Indian-American theoretical physicist (born 1973)

Ashvin Vishwanath (born January 9, 1973) is an Indian-American theoretical physicist known for important contributions to condensed matter physics. He is a professor of physics at Harvard University.

Vishwanath was elected as a member of the American Academy of Arts and Sciences in 2021.

==Education and career==

Vishwanath holds an undergraduate degree from Indian Institute of Technology Kanpur, completed in 1996. He received his Ph.D. in physics from Princeton University in 2001, after completing a doctoral dissertation, titled "Vortices, quasiparticles and unconventional superconductivity", under the supervision of F. Duncan Haldane. Between 2001 and 2004 he was a Pappalardo fellow at MIT, where his collaborators included T. Senthil and Subir Sachdev.

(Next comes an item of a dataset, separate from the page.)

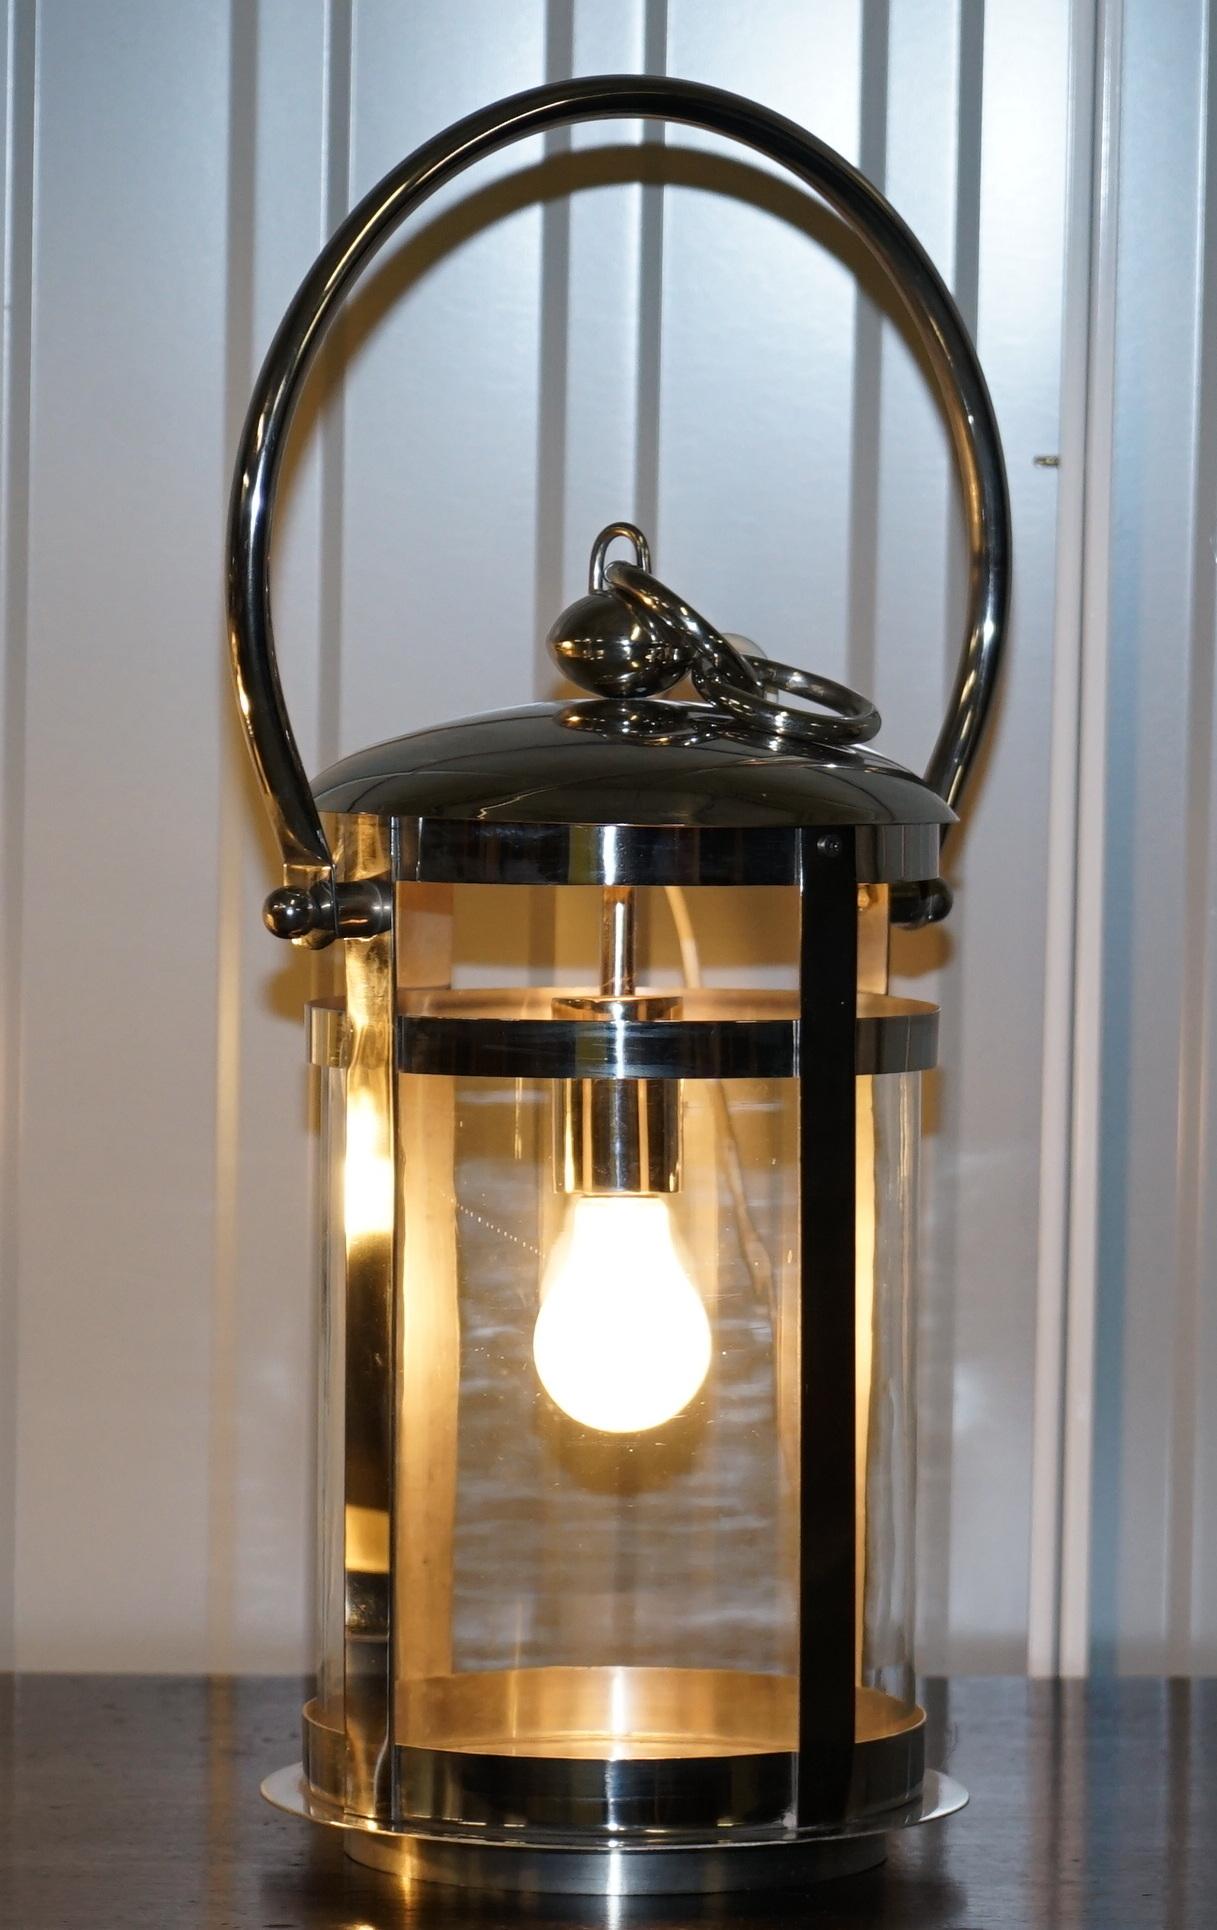 Wir freuen uns, dieses atemberaubende Paar hochwertiger tragbarer Luminaire aus Chrom mit zylindrischen Glasschirmen zum Verkauf anbieten zu können, die als Hängelaternen dienen.

Es handelt sich um ein Paar Laternen von außergewöhnlicher

He joined the physics faculty at University of California, Berkeley in 2004 and moved to Harvard University in 2016. He held a Distinguished Visiting Research Chair at the Perimeter Institute for Theoretical Physics from 2012 to 2015 and was awarded the Guggenheim Fellowship in materials science in 2014. He is one of the recipients of the 2016 EPS Europhysics Prize in condensed matter physics for theoretical studies on magnetic skyrmion phases in MnSi, a new phase of matter. He is one of the recipients of the 2024 Oliver E. Buckley Prize for groundbreaking theoretical and experimental studies on the collective electronic properties of materials that reflect topological aspects of their band structure. He is also a fellow of the American Physical Society.

== Research ==
Vishwanath has made important contributions to several areas in condensed matter physics. In particular, his most important contributions have been in deconfined quantum criticality (with T. Senthil, Matthew P. A. Fisher, Subir Sachdev and Leon Balents), Dirac and Weyl semimetals, iron-based high-temperature superconductors, magnetic skyrmion phases, and topological insulators where, in particular and more recently, he has explored several aspects and field theories of symmetry protected topological phases and Floquet topological phases. He has also done important works on quantum magnetic systems and quantum entanglement properties of spin liquids and related topological orders.